Repeat the lines from the one containing "Фильтр пылесоса LG" through the end of the listing exactly, both ends included. Do not carry over any pictures.

■ **EXERCISE DATA**

▬▬▬▬▬▬

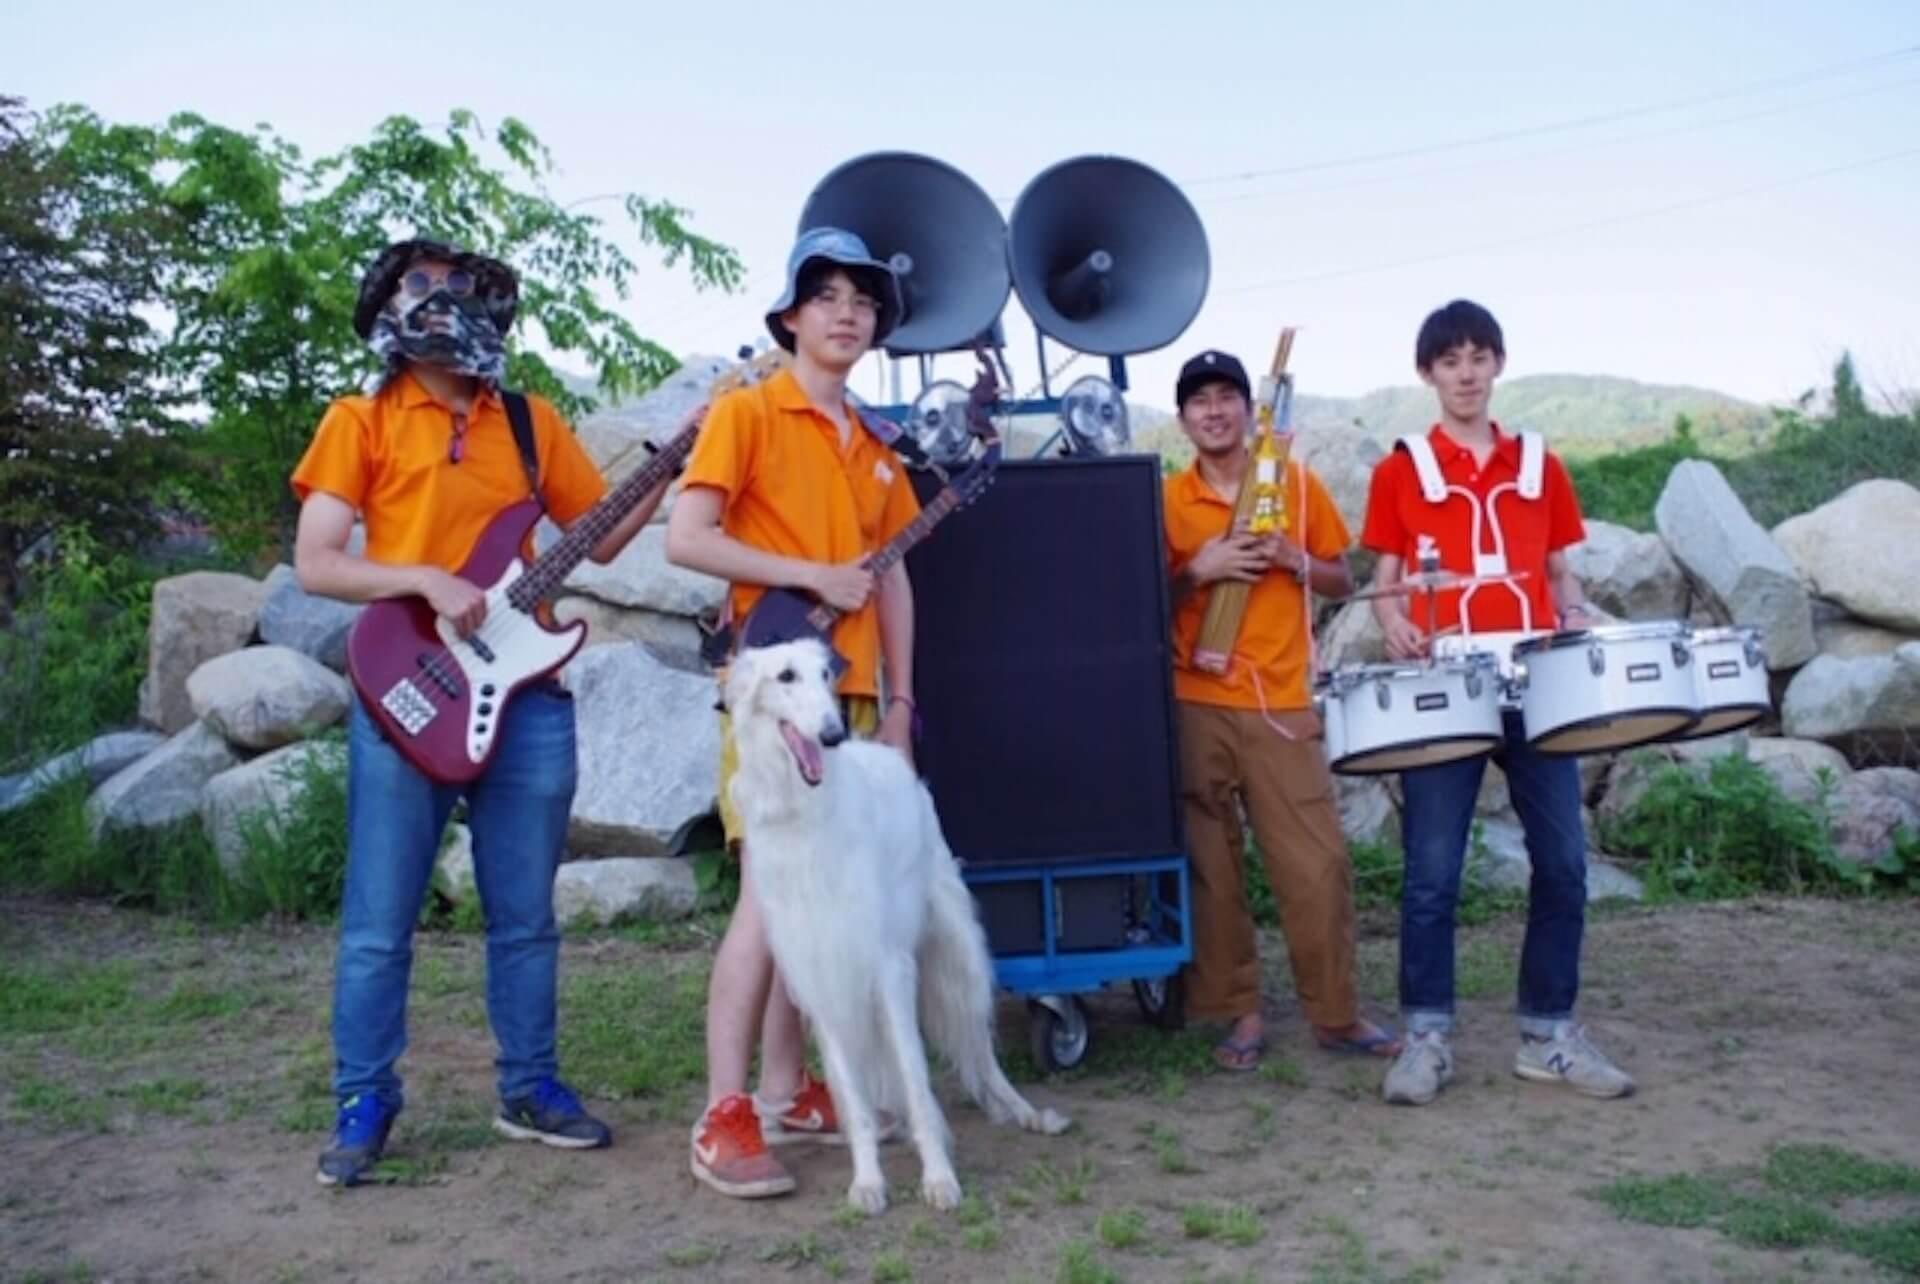 サンティアゴ・バスケスがディレクションする音楽イベント<True Colors BEATS>開催決定!YAKUSHIMA TREASUREらが出演 music191009_truecolorsbeat_5
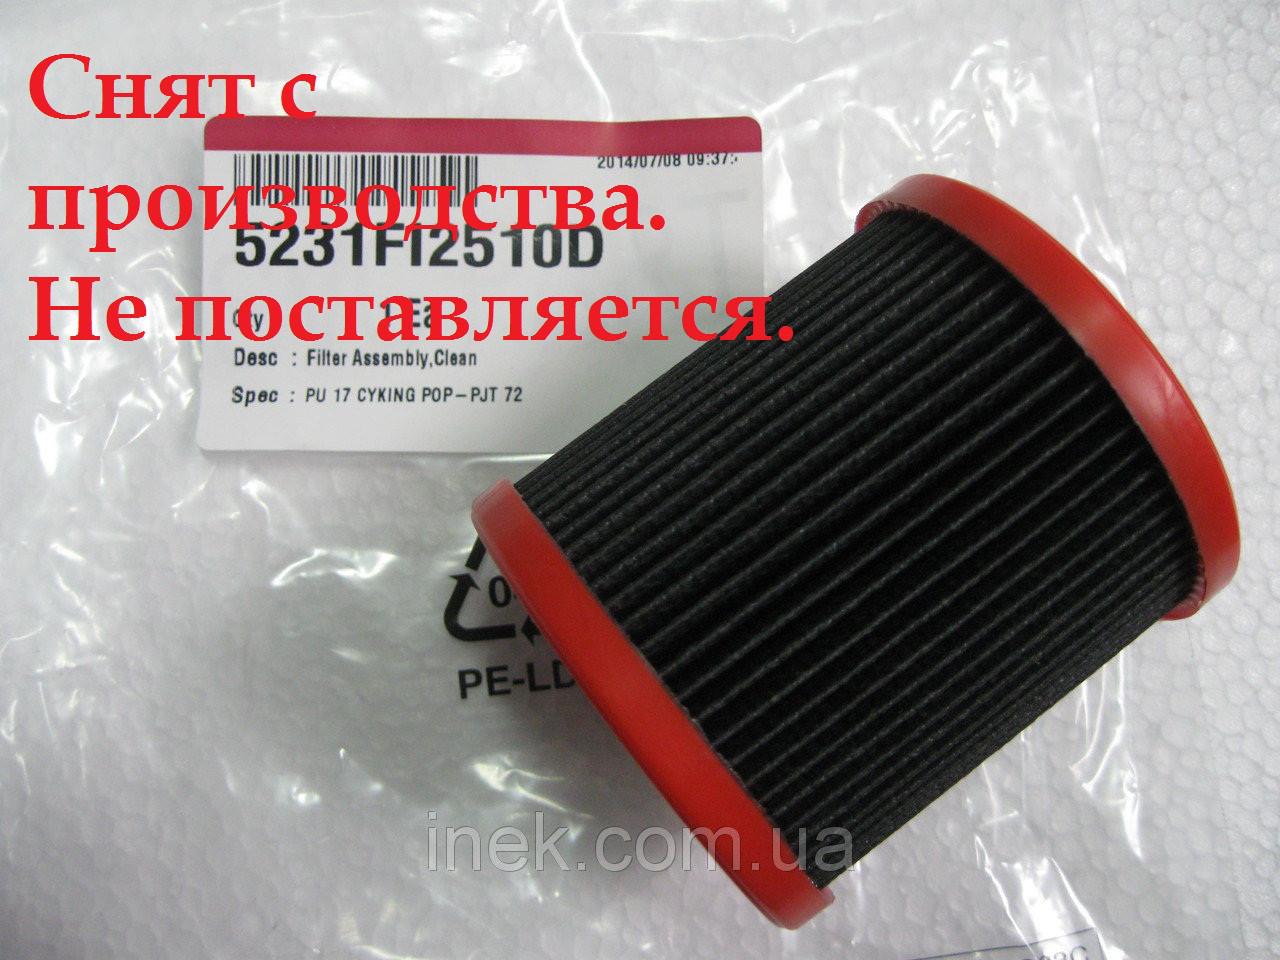 Фильтр пылесоса LG V-C7271HTU, 5231FI2510D, фото 1
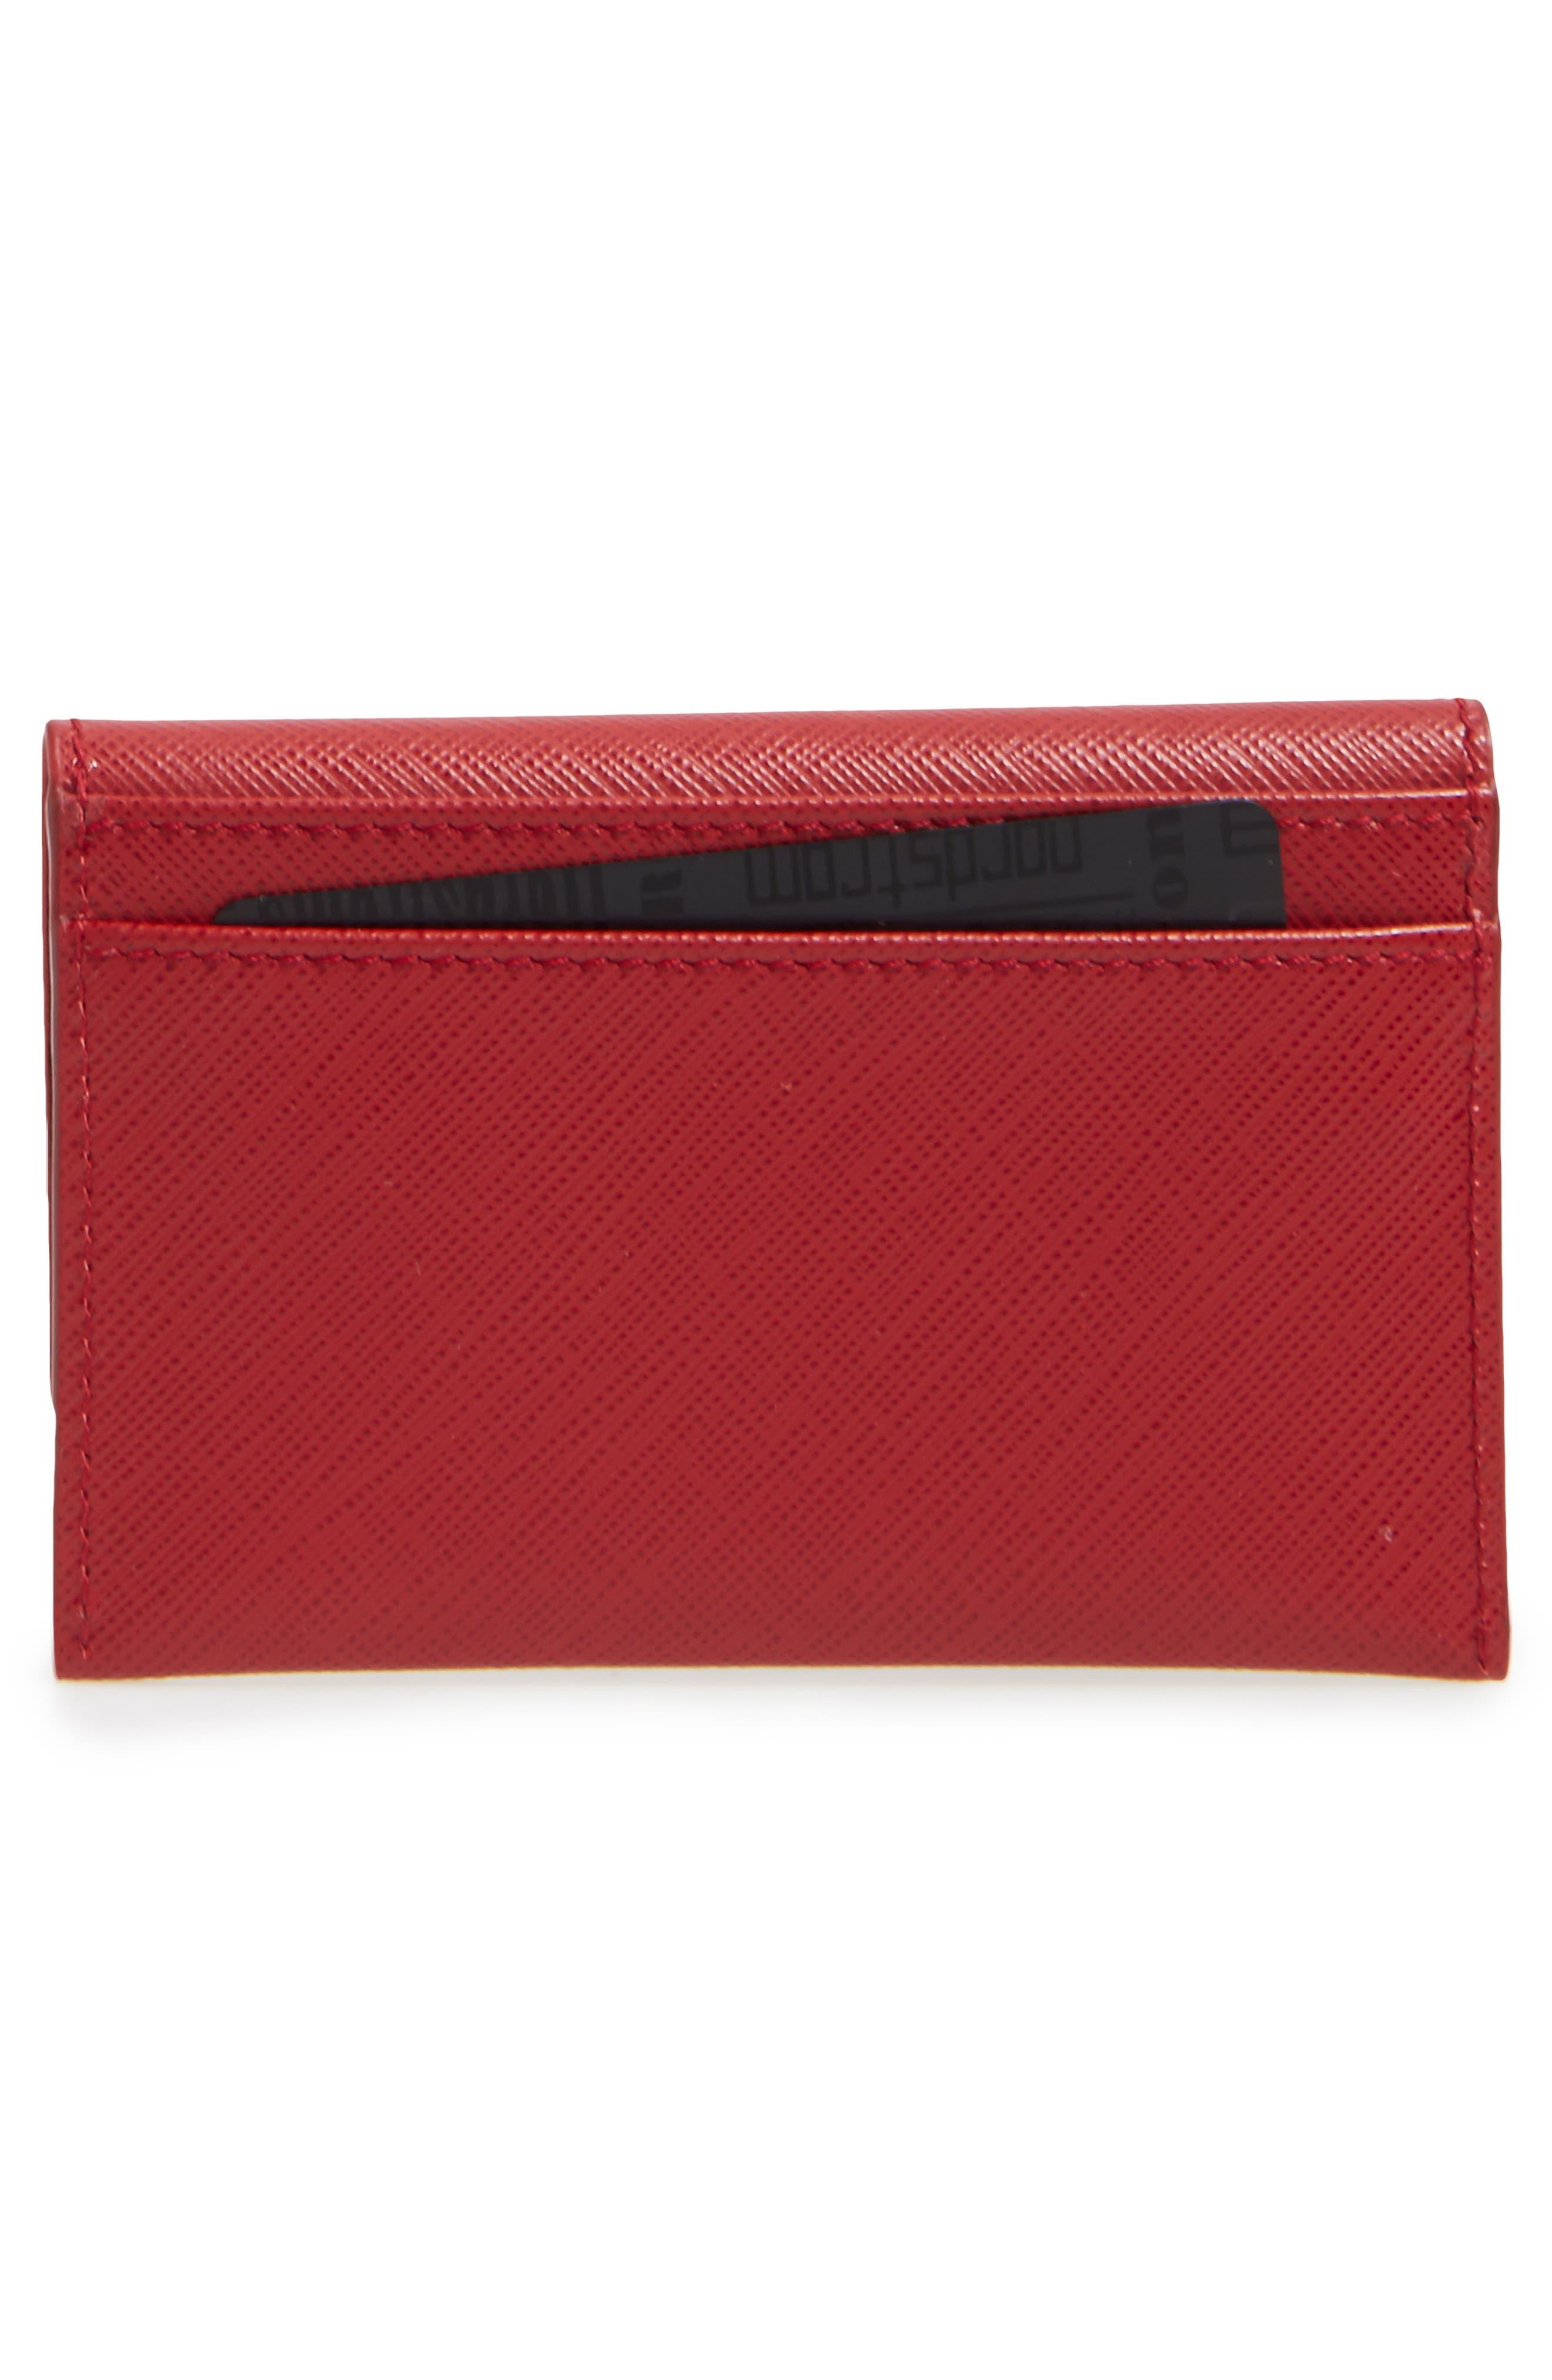 Alternate Image 2  - Salvatore Ferragamo Vara Leather Card Case

▬▬▬▬▬▬

■ **OUTPUT OF THE EXERCISE**
 Фильтр пылесоса LG V-C7271HTU, 5231FI2510D, фото 1
 Alternate Image 2  - Salvatore Ferragamo Vara Leather Card Case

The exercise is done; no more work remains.